Data for review:
◇ ◇ ◇

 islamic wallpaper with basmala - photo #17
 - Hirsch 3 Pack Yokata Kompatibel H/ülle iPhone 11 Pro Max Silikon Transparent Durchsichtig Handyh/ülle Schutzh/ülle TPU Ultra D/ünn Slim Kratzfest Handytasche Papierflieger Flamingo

◇ ◇ ◇

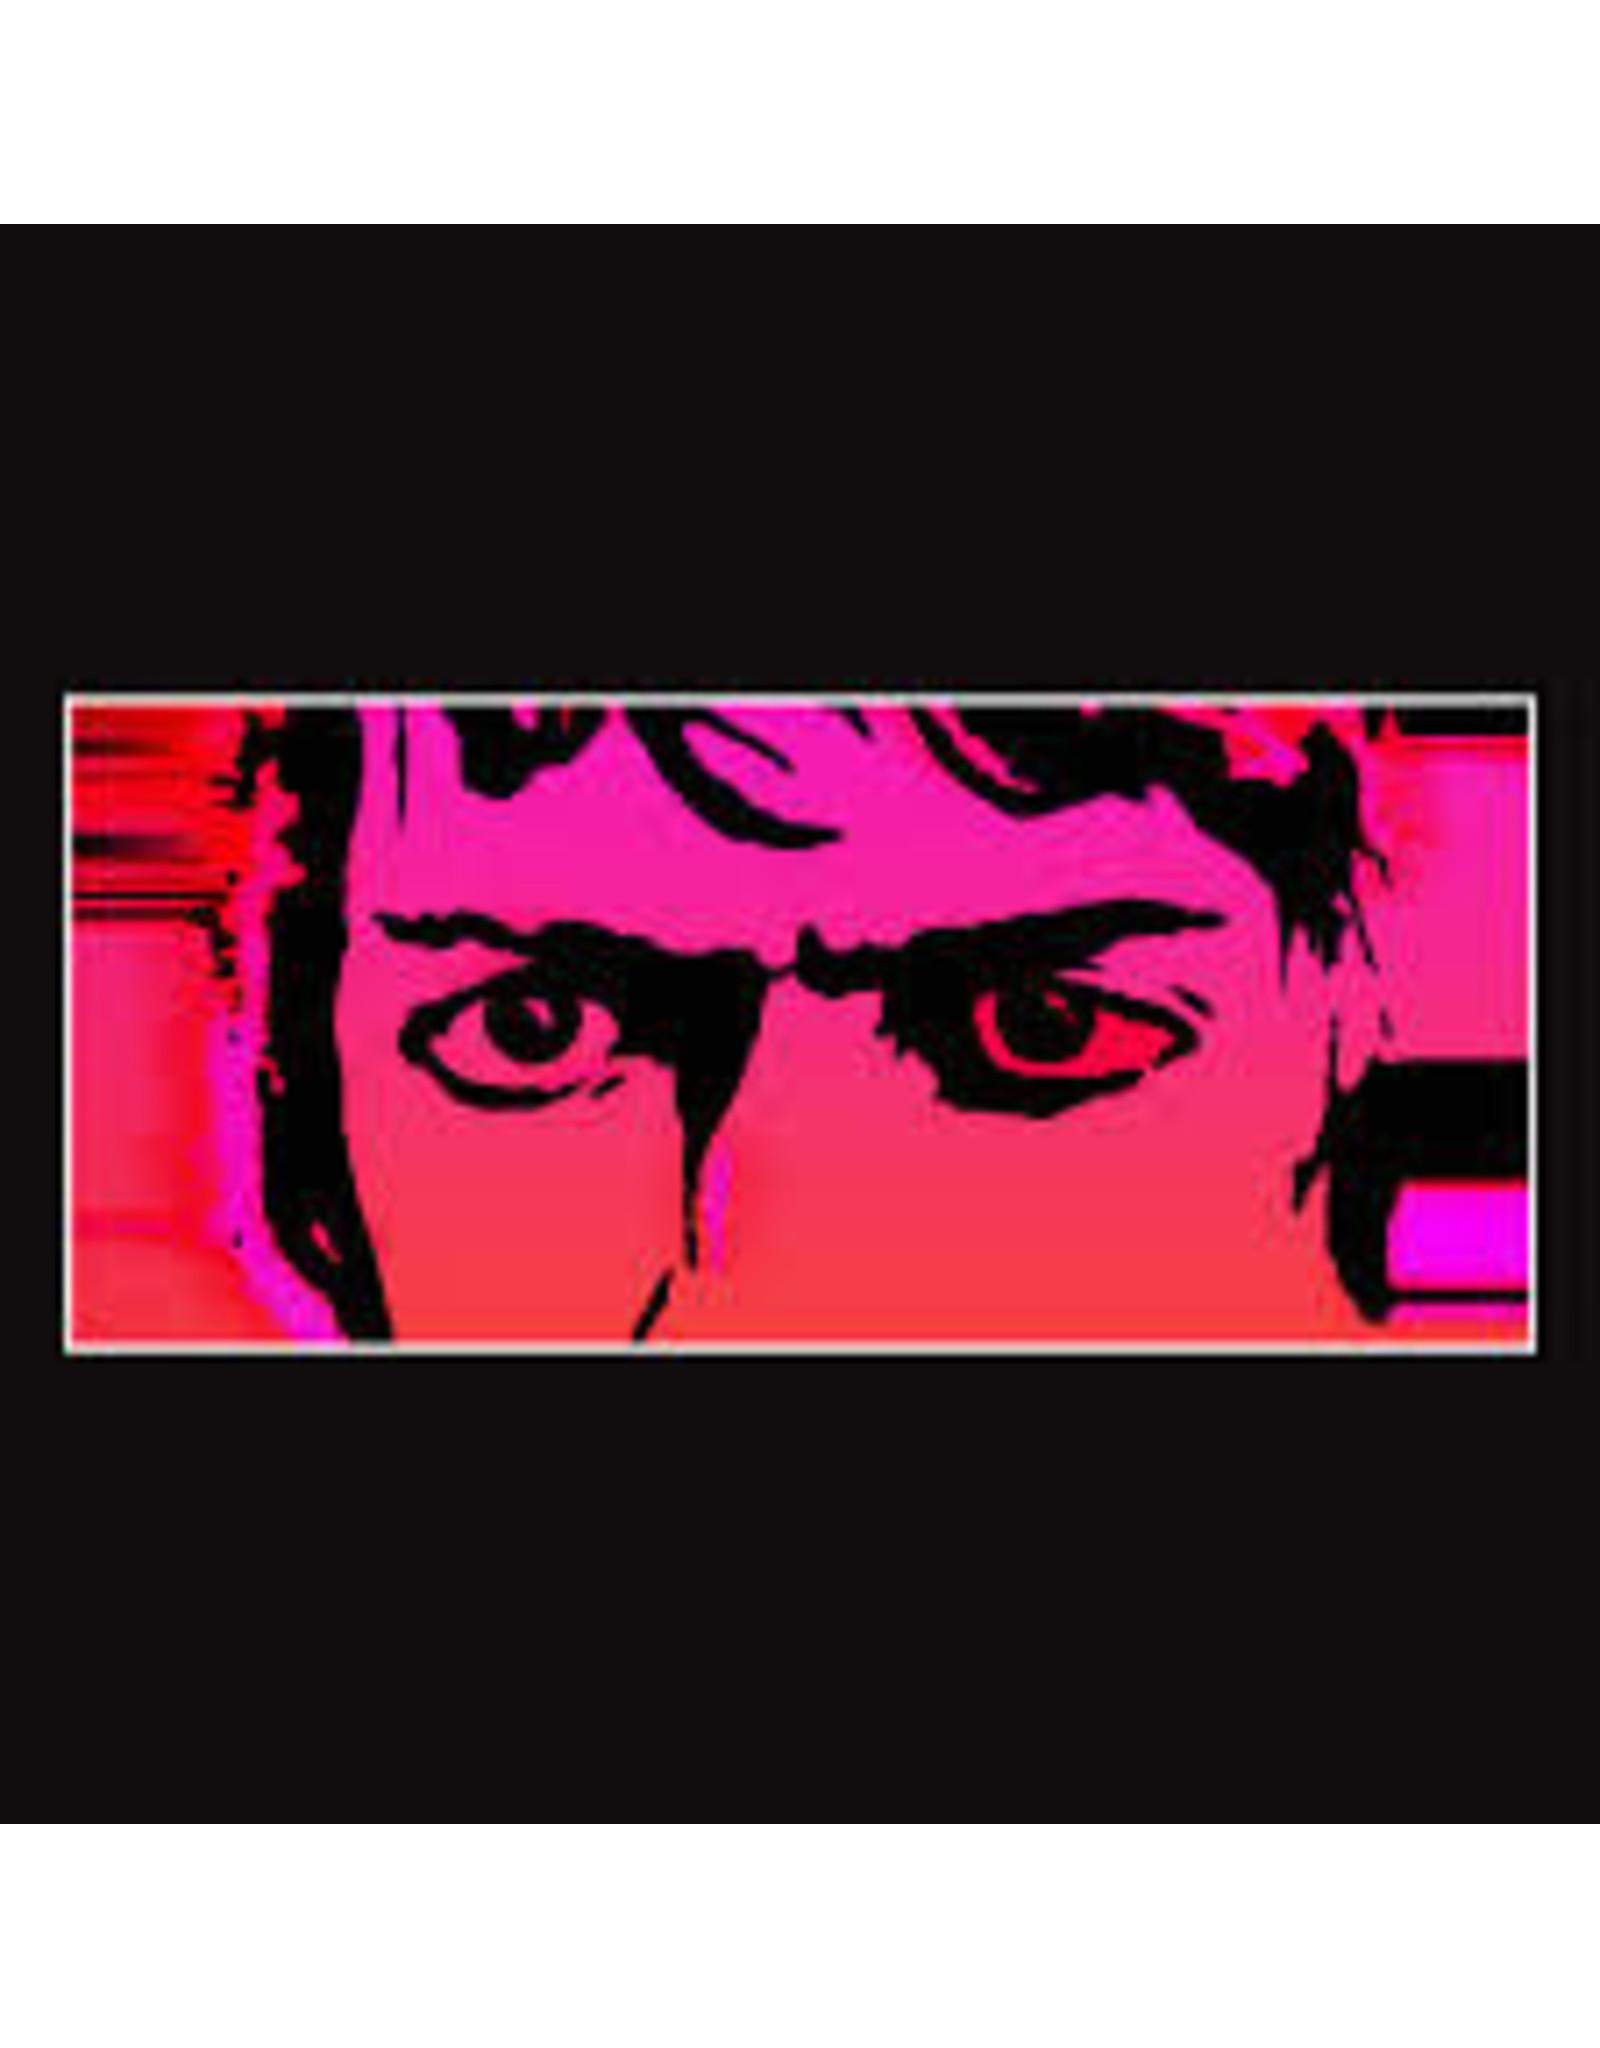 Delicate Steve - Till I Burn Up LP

◇ ◇ ◇

Among the records above, extract exactly the lines from the line with "islamic wallpaper with basmala - photo #17" to the line with "- Hirsch 3 Pack", both lines included, and leave out the rest.

Exercise result:
 islamic wallpaper with basmala - photo #17
 - Hirsch 3 Pack Yokata Kompatibel H/ülle iPhone 11 Pro Max Silikon Transparent Durchsichtig Handyh/ülle Schutzh/ülle TPU Ultra D/ünn Slim Kratzfest Handytasche Papierflieger Flamingo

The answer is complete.